• Exercise requirements
Once the pictures are set aside, transcribe each line of the data exactly.

• Data extract
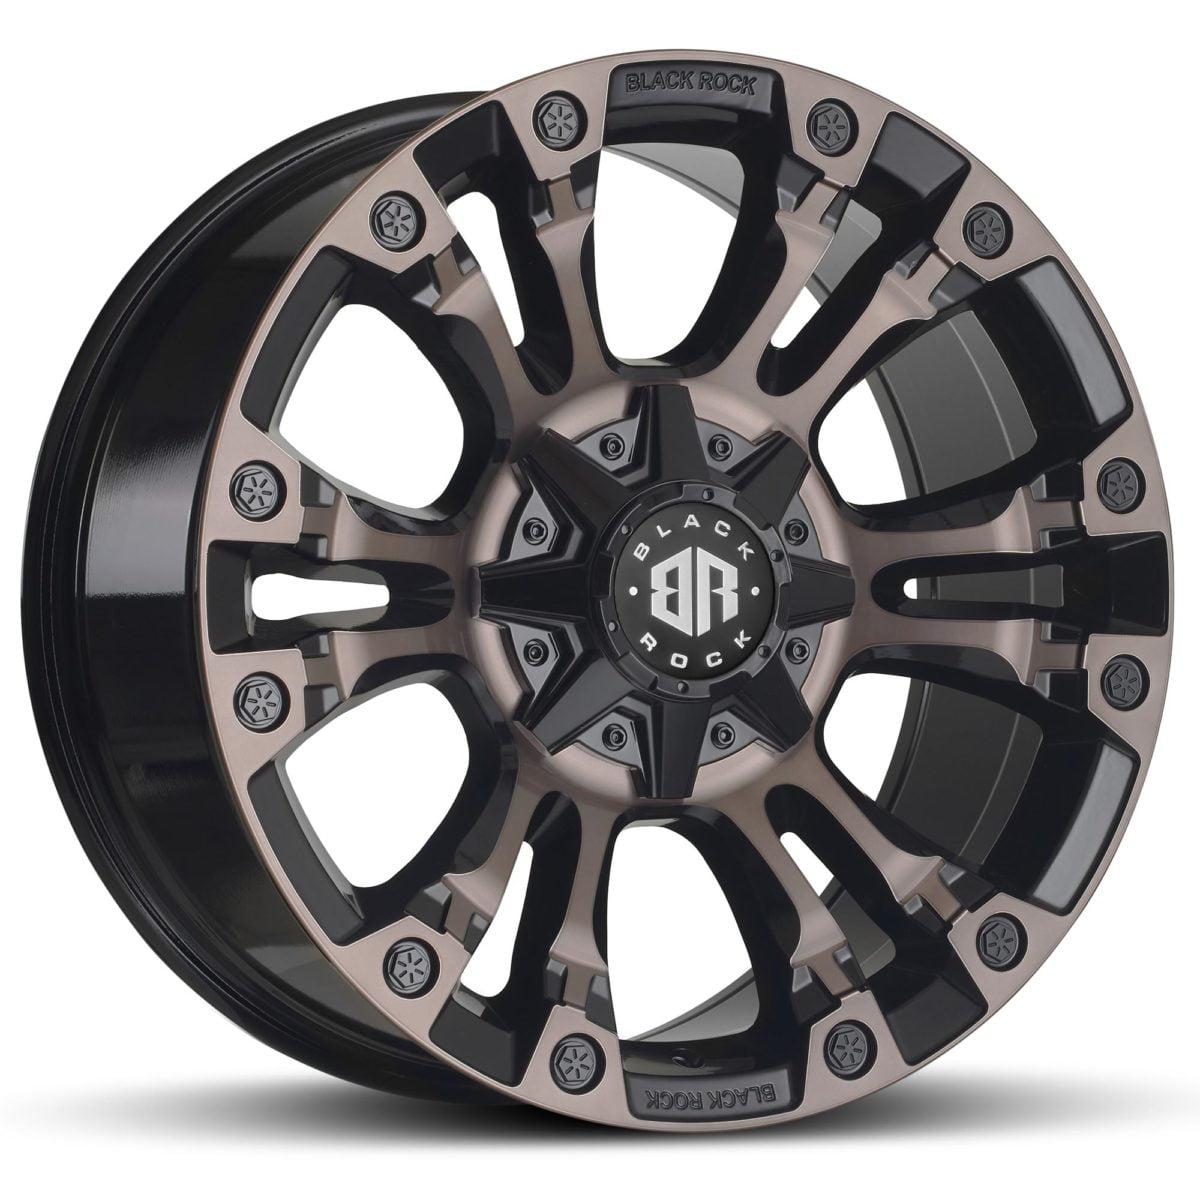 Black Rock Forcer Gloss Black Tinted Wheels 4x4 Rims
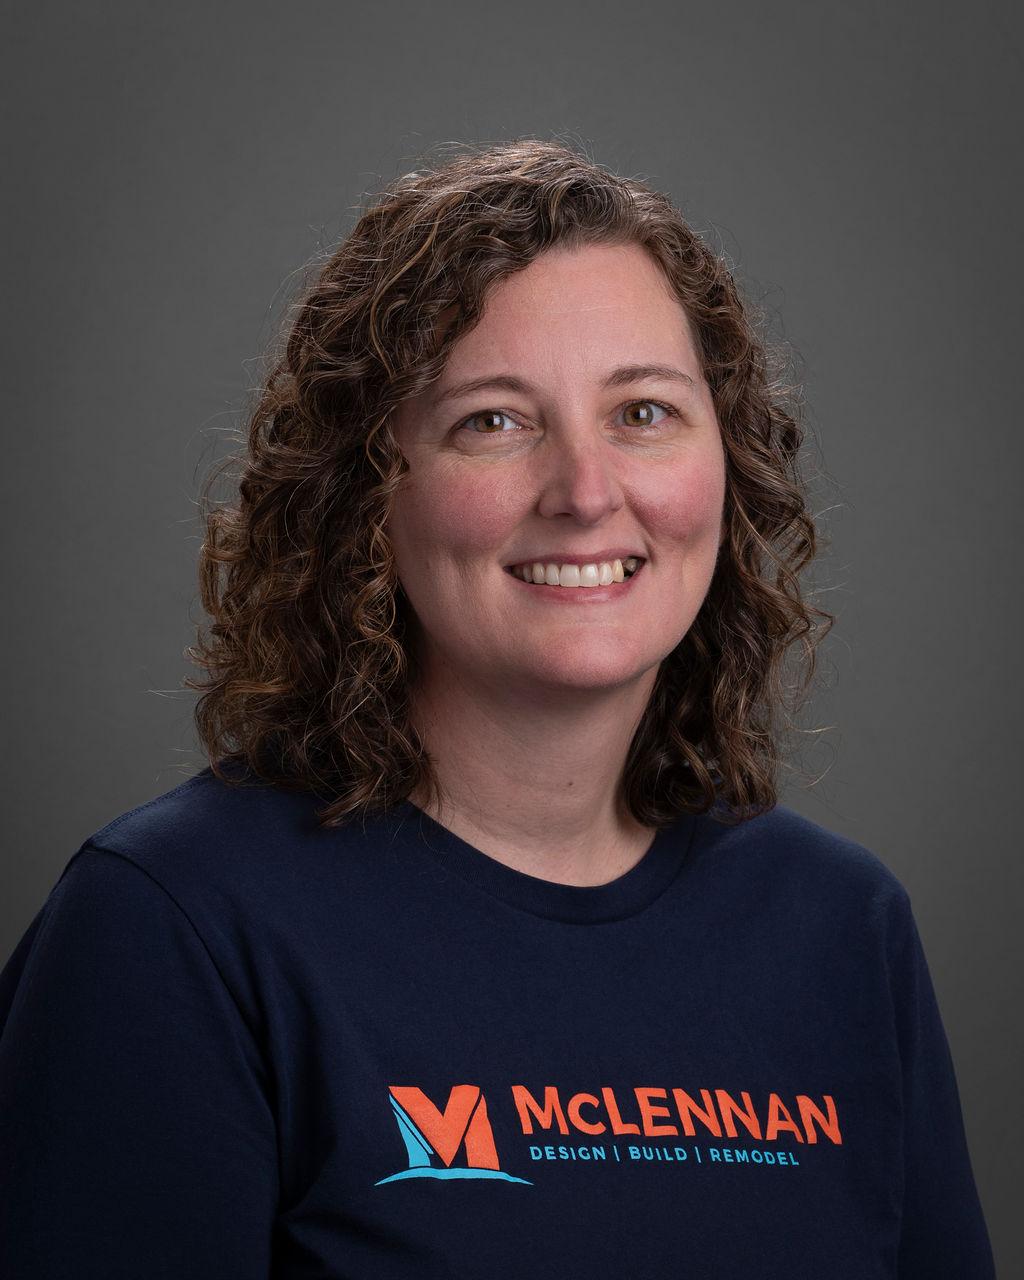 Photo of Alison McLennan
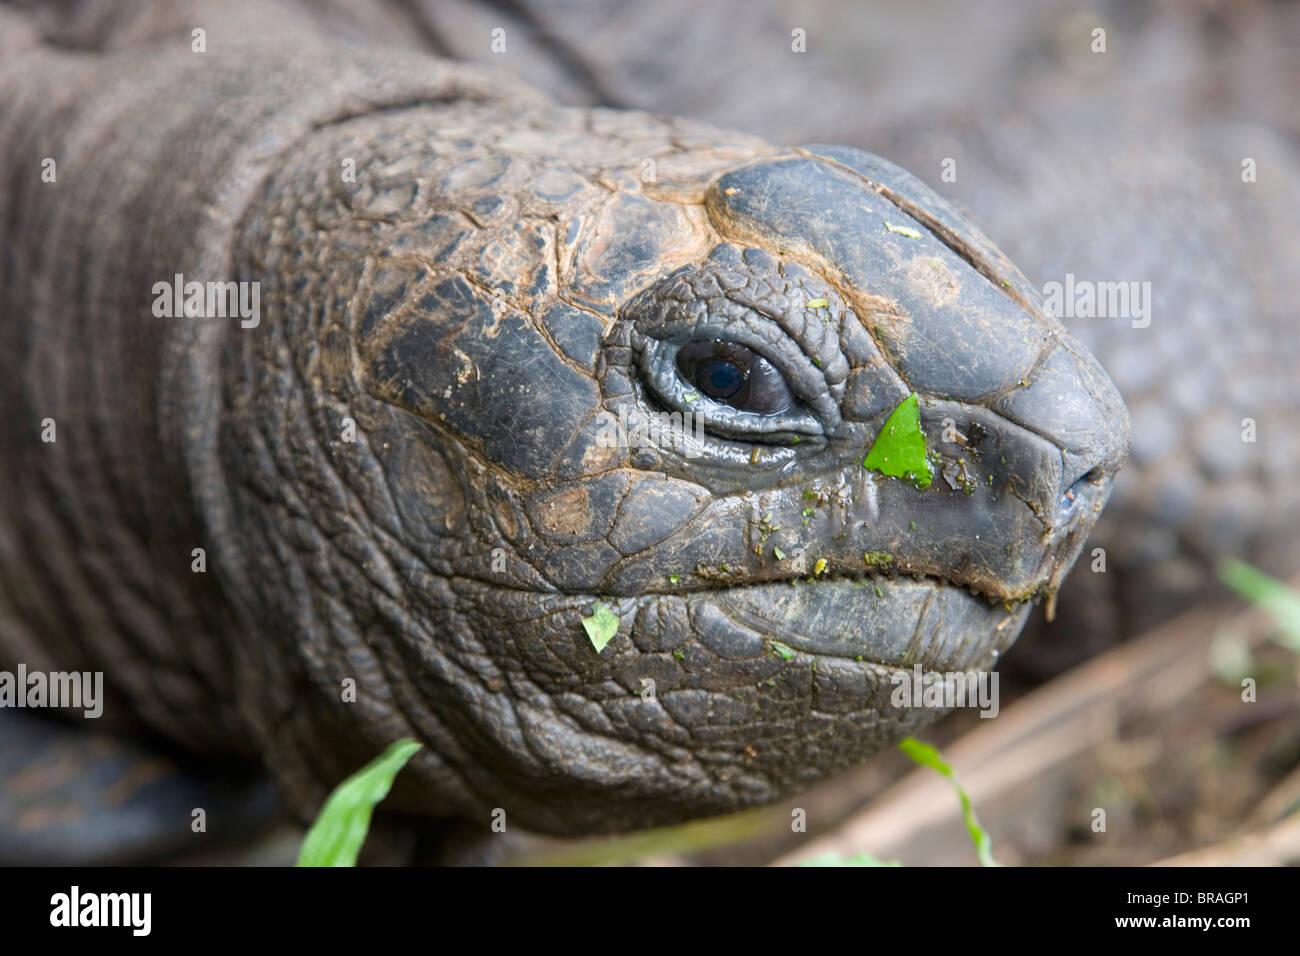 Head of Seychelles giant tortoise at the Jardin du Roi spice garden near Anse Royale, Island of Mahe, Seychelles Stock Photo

• Solved problem
 Black Rock Forcer Gloss Black Tinted Wheels 4x4 Rims
 Photo of Alison McLennan
 Head of Seychelles giant tortoise at the Jardin du Roi spice garden near Anse Royale, Island of Mahe, Seychelles Stock Photo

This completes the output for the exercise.